Property in Austria roundup: Is Austria's real estate market 'overheating'?
Is Austria's property market overheating? Photo:HARALD SCHNEIDER / APA / AFP
Stay up-to-date on the latest Austrian property news with The Local's weekly roundup.

Thinking of buying a house, moving house or investing? Or are you just curious about the property market in Austria? 

Here’s what you need to know.

Financial Market Stability Committee criticises Austria’s real estate boom

The Financial Market Stability Committee (FSMG) has again criticised the ongoing real estate boom in Austria, which is being fuelled by low interest rates and high competition. 

The FSMG has even asked Oesterreichische Nationalbank (OeNB) to analyse the situation for systemic risks in relation to rising property prices, with a focus on residential property financing for private households. 

The organisation was founded in 2014 and is responsible for strengthening financial market stability.
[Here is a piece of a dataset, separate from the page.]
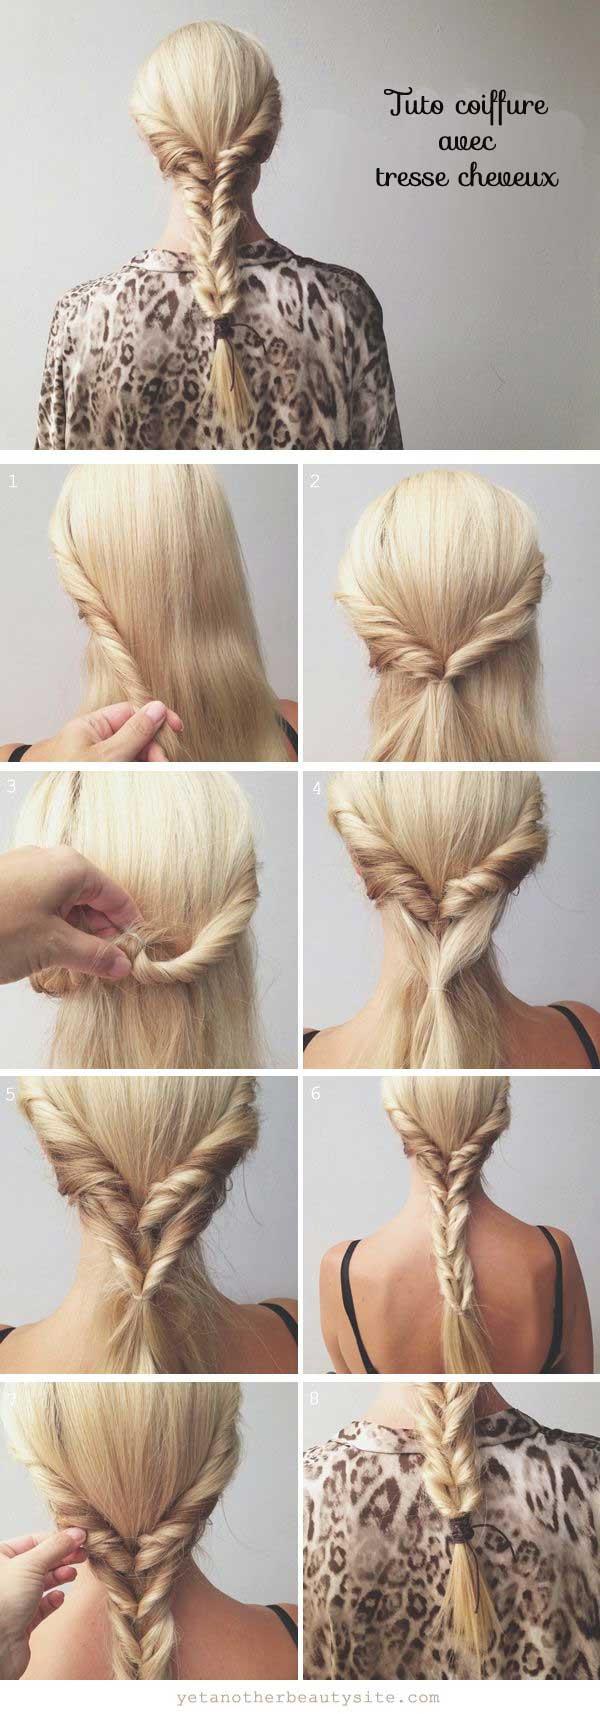 tuto-coiffure-avec-tresse-cheveux

The FSMG can also make recommendations to the Financial Market Authority (FMA) and provide risk warnings.

READ MORE: How to find out if you’re paying too much rent in Vienna

Back in June, the FSMG said: “These factors indicate an increasing overheating of the residential real estate market, which in the event of price corrections in the past has often led to a notable loss of prosperity in numerous countries.”

The Local recently reported that new apartment prices in Austria are the highest in Europe with a 70 square meter apartment costing an average of 10.6 times the national annual salary.

Investing in property to protect against inflation

An article in Die Presse highlights how more people are starting to invest in property as a way to protect against inflation.

The appetite for “concrete gold” is showing no signs of slowing down and rising inflation is now becoming a stronger investment motive than low interest rates.

Die Presse reports alternative investments, such as nursing homes or data centres, are also gaining in popularity.

Trends for alternative property investments tend to start in larger countries like the UK and Germany before moving to other countries.

New mobility concepts for the car-free generation

As more people become aware of climate change and others shun the cost of owning a car, city planners are now turning to new concepts for the car-free generation.

Latest figures show 47 percent of Viennese households don’t have a car and another 12 percent rarely use a car.

Within the 18 to 35 age group, being car-free is even more common with 72 percent not owning a car.

READ ALSO: Can foreigners buy property in Austria?

To cater to the new demands, the concept of a “cultural garage” has been introduced in Vienna’s Seestadt Aspern district by developer WBV-GFW.

A cultural garage is a space that is dedicated for parking but with additional uses, such as a cultural venue, restaurant, football field or bicycle workshop.

For example, the new cultural garage in Seestadt has 537 parking spaces and 2,000 square metres of space for cultural events, with plans for the Vienna Adult Education Centre to occupy the space in the autumn.

City planners are also aiming for a “modal split” in the Seestadt that will only allow for 20 percent car traffic in the future.